§1 Google’s Featured Snippets
Yesterday I searched Google for the phrase personal property and noted that the first result was a definition from Thomson Reuters’ Practical Law.
This definition is a Google Featured Snippet.
How Google’s featured snippets work
Google’s search results sometimes show listings where the snippet describing a page comes before a link to a page, not after as with our standard format. Results displayed this way are called “featured snippets.” You might find featured snippets on their own within overall search results, within the “People also ask” section, or along with Knowledge Graph information.
We display featured snippets when our systems determine this format will help people more easily discover what they’re seeking, both from the description about the page and when they click on the link to read the page itself. They’re especially helpful for those on mobile or searching by voice.
Featured snippets commonly contain one listing, but more than one may appear.
How featured snippets are chosen
Featured snippets come from web search listings. Google’s automated systems determine whether a page would make a good featured snippet to highlight for a specific search request. Your feedback helps us improve our search algorithms and the quality of your search results.
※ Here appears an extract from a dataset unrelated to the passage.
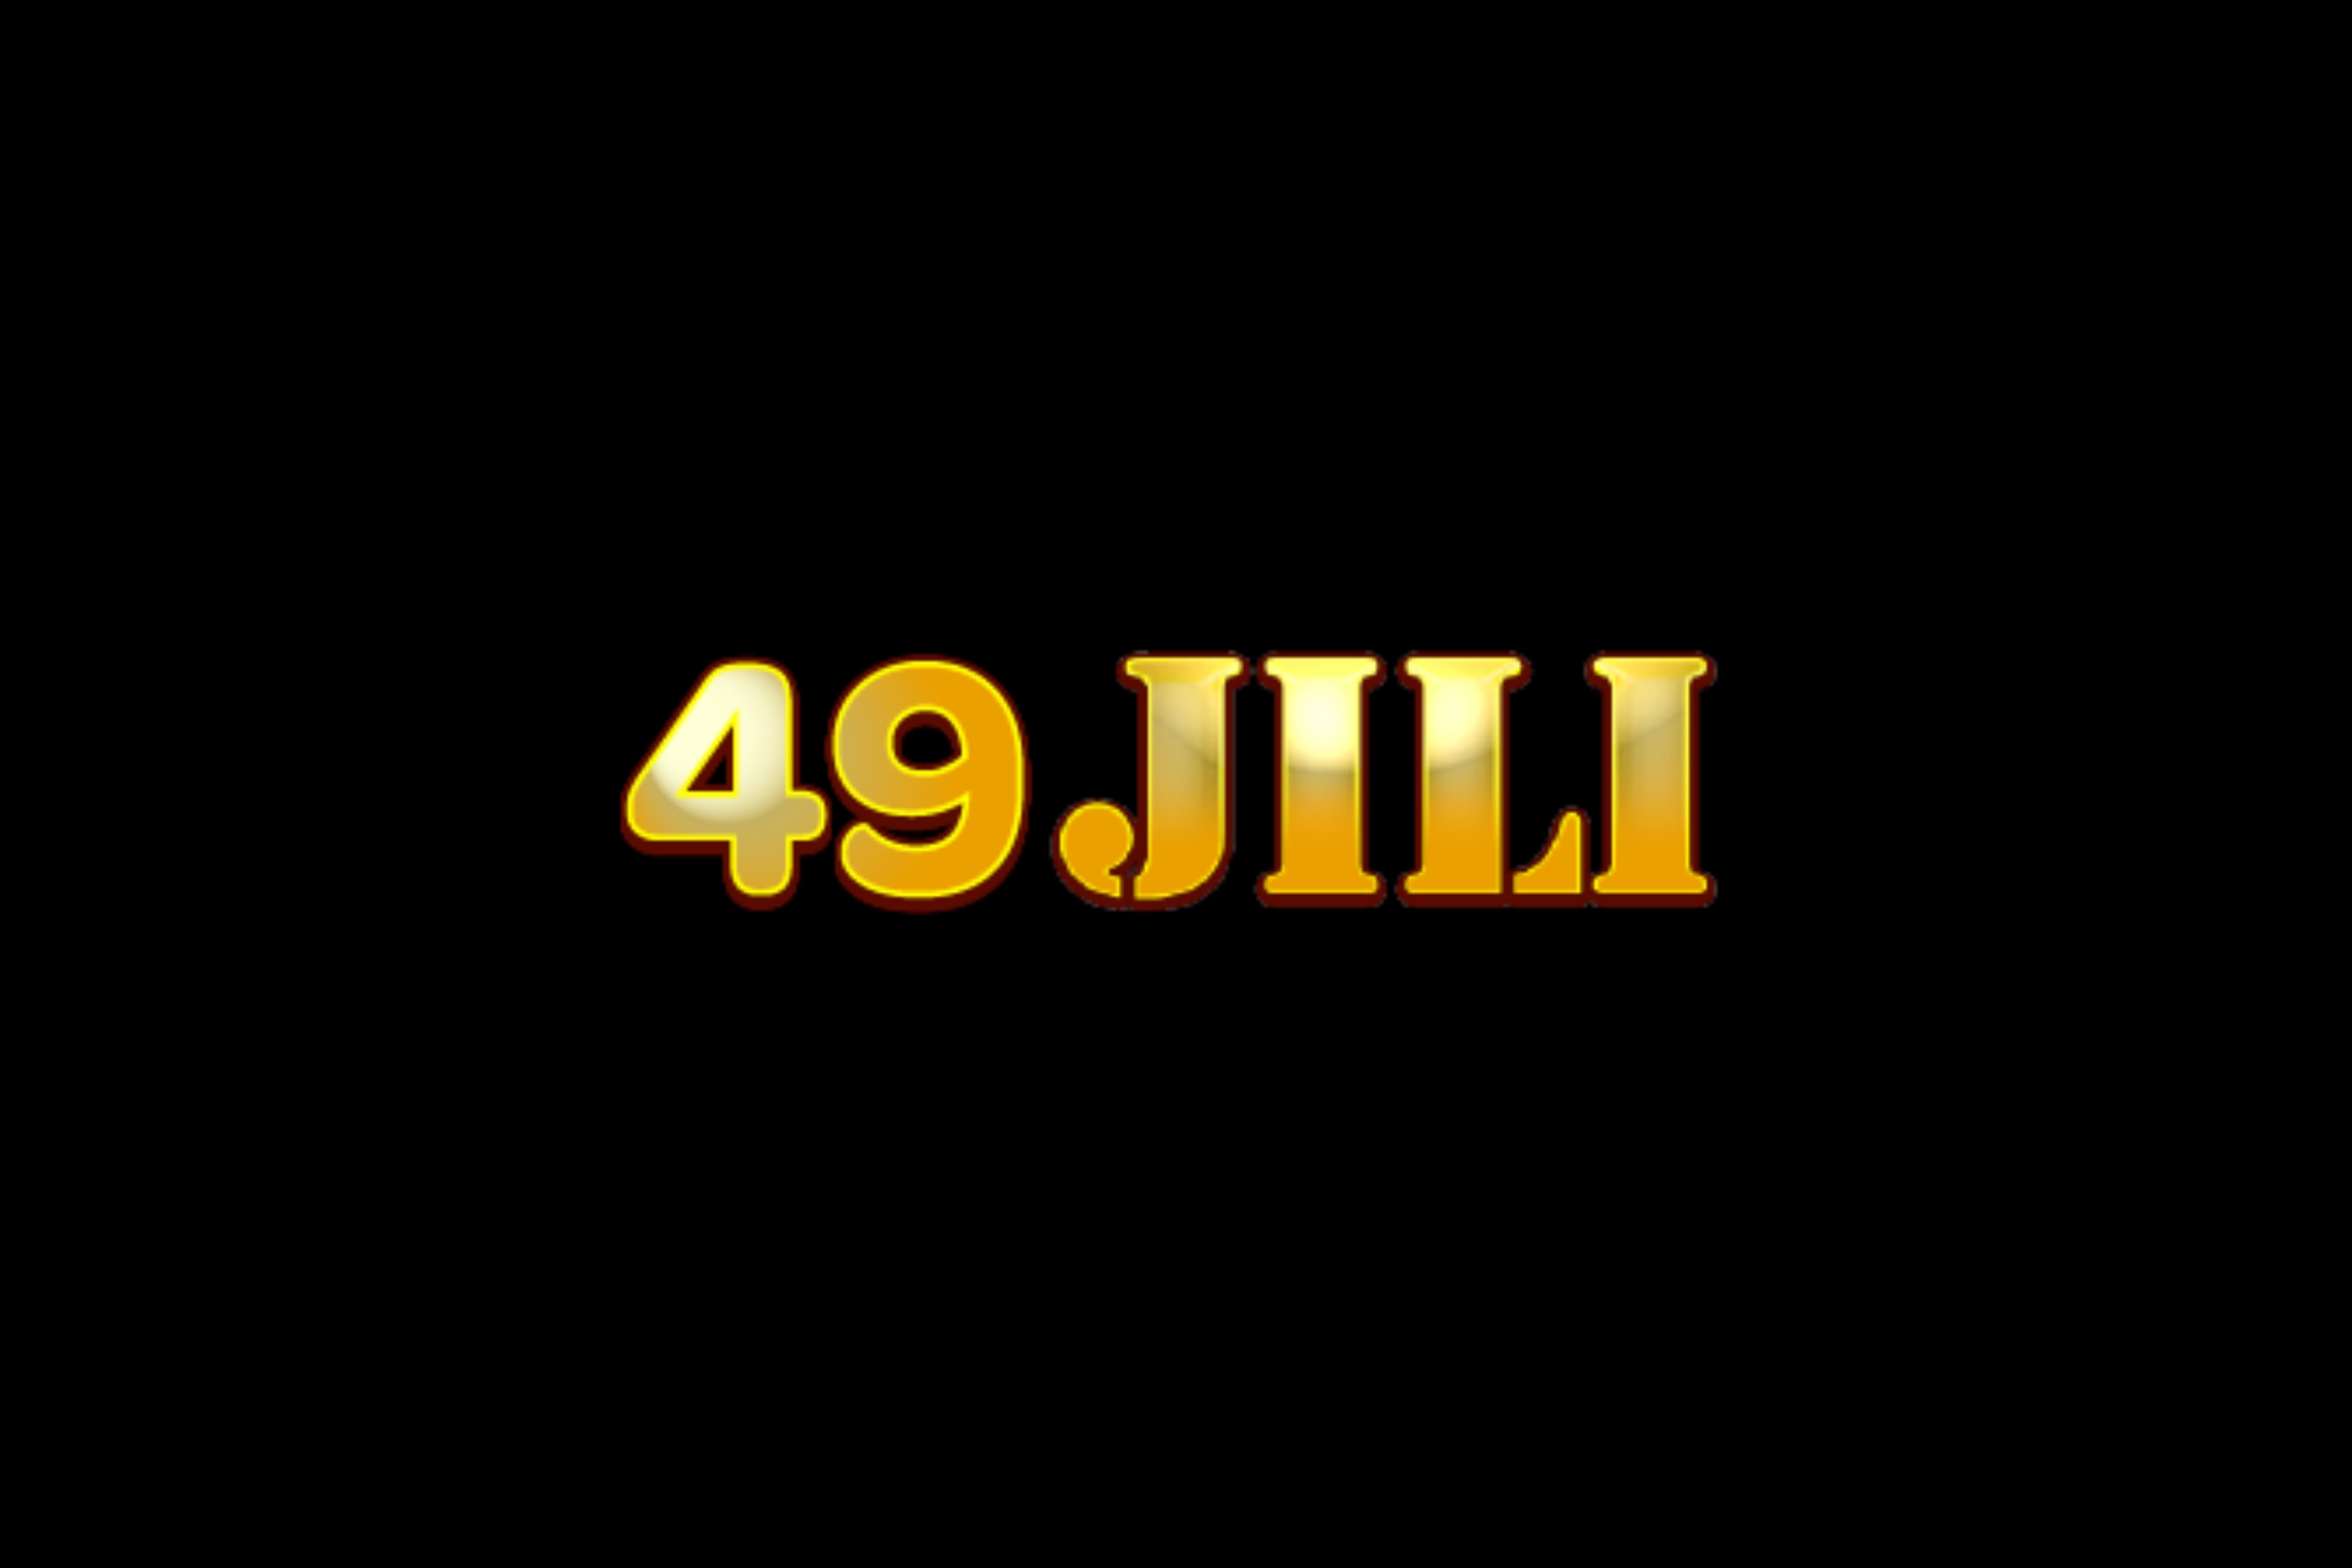 49Jili

Tip: If you’re a website owner, learn how to manage featured snippets in Google Search.
My follow up question was answered on this page:
How can I mark my page as a featured snippet?
You can’t. Google systems determine whether a page would make a good featured snippet for a user’s search request, and if so, elevates it.
This answer surprised me. I thought Featured Snippets were connected to Google’s Knowledge Graph and/or Knowledge Panels.
§2 Postmedia shoots the Windsor Star
Earlier this week it was announced that Postmedia was going to close the printing press and make additional job cuts to our local newspaper, The Windsor Star.
From what I can tell, no local coverage of this announcement framed these cuts by the company as a direct message to the Federal government like Canadian Dimension has done in its piece, Postmedia shoots more hostages to keep debt payments flowing to New Jersey hedge fund. It begins:
New Jersey’s largest newspaper chain shot another dozen Canadian hostages last week as the end game of its northern extortion scheme grows ever closer. If the federal government doesn’t allow Postmedia Network and the rest of the country’s press to start taking money from the pockets of Google and Facebook soon, more of the country’s captive newspapers could get whacked. That’s because the Jersey boys have just about bled dry the chain that owns most of Canada’s largest dailies. Its latest financial report shows that Postmedia is sinking fast, and it could take most of Canada’s press with it.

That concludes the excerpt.